Here’s what happened:
Anthony was born in the third century, to a wealthy family of Christians in southern Egypt. When he was 20, his parents died suddenly, leaving Anthony to care for his young sister. But soon after, Anthony was attending the Divine Liturgy, when he heard these words read from the Gospel:
“If you wish to be perfect, go, sell what you have and give to the poor, and you will have treasure in heaven.”
They struck the young man in the heart. He believed they were from the Lord, for him. So he sold or gave away nearly everything he’d inherited from his parents, save for what his sister would need, and he gave the money to the poor.
When next he heard the Gospel read, this was the message: “Do not be anxious about tomorrow.”
Anthony again heard in the Scripture the Lord’s voice. He gave the rest of their stuff away. He got a group of consecrated virgins to agree to take care of his sister. And he left the village, moving into a little cave that once was used as a tomb, doing manual labor to support himself, and modeling his life after an old hermit who lived not far away.
He lived in that cave for 15 years, and spent all of it wrestling with the devil. The temptations Anthony faced might seem familiar: He struggled at first with pride, and with boredom in his desert life, and with lust, most of all. Anthony threw himself into Scripture, prayer and fasting to oppose the temptation. After a long struggle, the devil appeared to him as a child, and Anthony rebuked him.
Anthony spent 15 years living as an ascetic outside his village, and then fled further into the desert, to an abandoned Roman fort, where he lived in prayer for 20 more years, not speaking, and living off bread that people would bring to him. A lot of stuff happened in those 20 years, and people came to know that Anthony was out there in the fort, locked in by himself praying.
By the time Anthony was in his mid-50s, a crowd of young men had gathered around the fort where the hermit lived, all of them hoping to become ascetic hermits too.
And so, according to St. Athanasius, “his acquaintances came and began to cast down and wrench off the door by force.”
They tore down the door. So Anthony came out, and he prayed with those young men, and spoke with them, and taught them something about prayer, and something about fasting, and something about the joy of his own spiritual life.
“And thus it happened in the end that cells arose even in the mountains, and the desert was colonized by monks, who came forth from their own people, and enrolled themselves for the citizenship in the heavens… and by frequent conversation he increased the eagerness of those already monks, stirred up in most of the rest the love of the discipline, and speedily by the attraction of his words cells multiplied, and he directed them all as a father,” Athanasius wrote.
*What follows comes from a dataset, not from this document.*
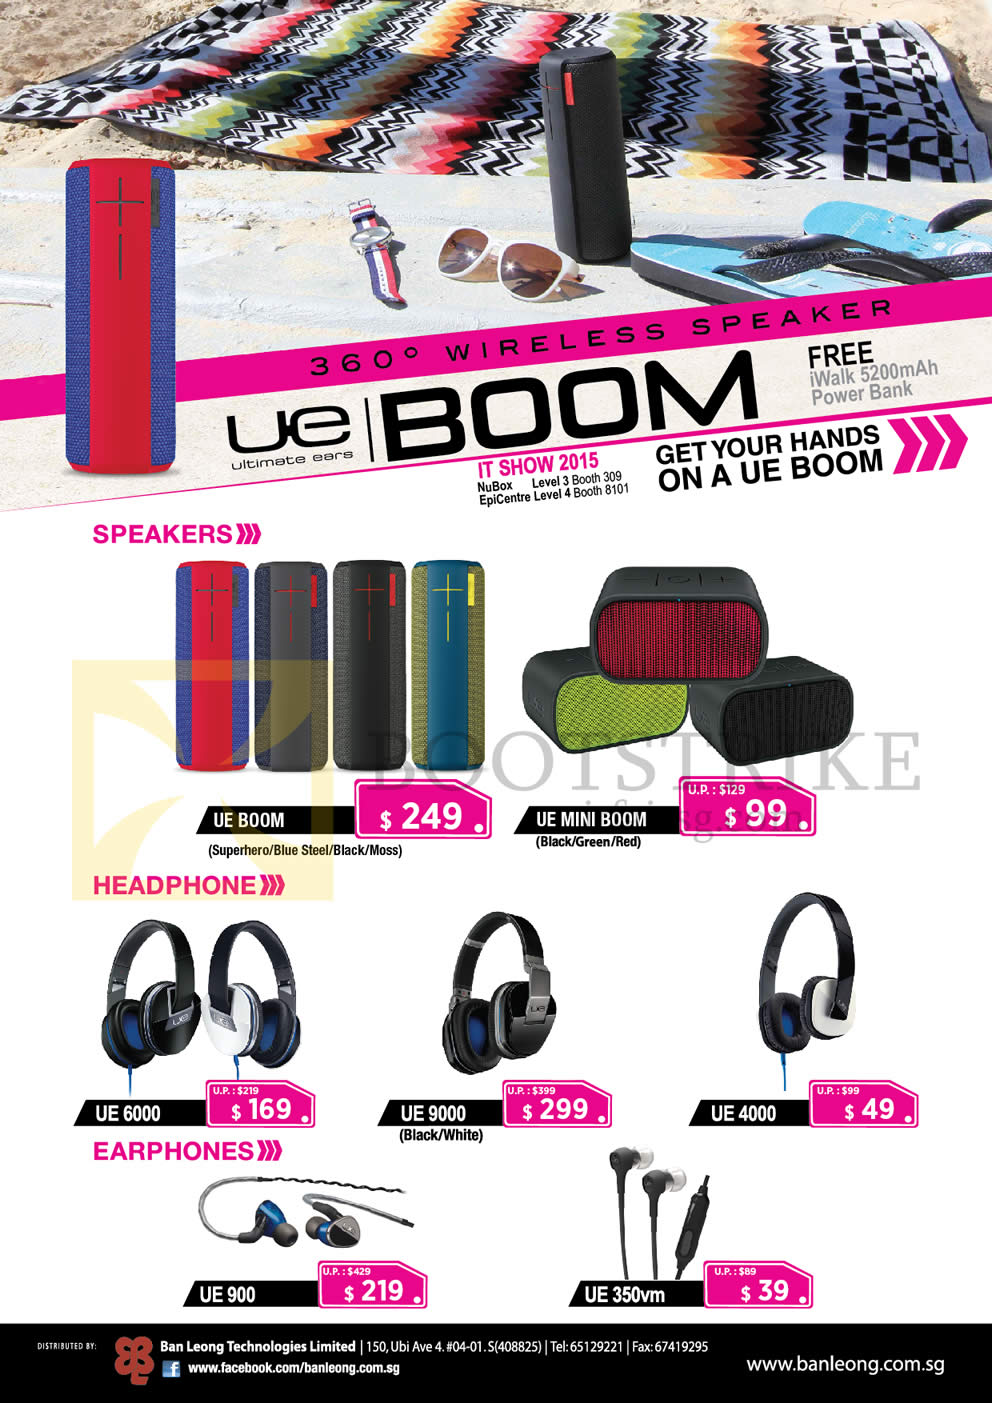 IT SHOW 2015 price list image brochure of Ban Leong Logitech Ultimate Ears Speakers, Headphone, Earphones, UE Boom, UE Mini Book, UE6000, UE9000, UE4000, UE900. UE350vm

Thus began organized monasticism, say the Fathers of the Church, with Anthony becoming the reluctant father to a crowd of young men in the desert, full of zeal, and eager for a meaningful Christian life. But as for himself, after about five years, Anthony went back into solitude, and lived rather happily as a hermit again, until he died out in the desert at 105. Before he died, Anthony gave away the clothes on his back, and gave instructions that he should be buried in some quiet, unmarked spot.
Anthony taught his monks a lot, including what he had learned about living the Christian life, and about confidence in the power of grace:
We ought to fear God only, and despise the demons, and be in no fear of them. But the more they [tempt us], let us all the more intensify our discipline against them, for a good life and faith in God is a great weapon.
At any rate they fear the fasting, the sleeplessness, the prayers, the meekness, the quietness, the contempt of money and vainglory, the humility, the love of the poor, the alms, the freedom from anger of the ascetics, and, chief of all, they fear piety towards Christ. Wherefore they do all things that they may not have any that trample on them, knowing the grace given to the faithful against them by the Saviour, when He says, ‘Behold I have given to you power to tread upon serpents and scorpions, and upon all the power of the enemy.’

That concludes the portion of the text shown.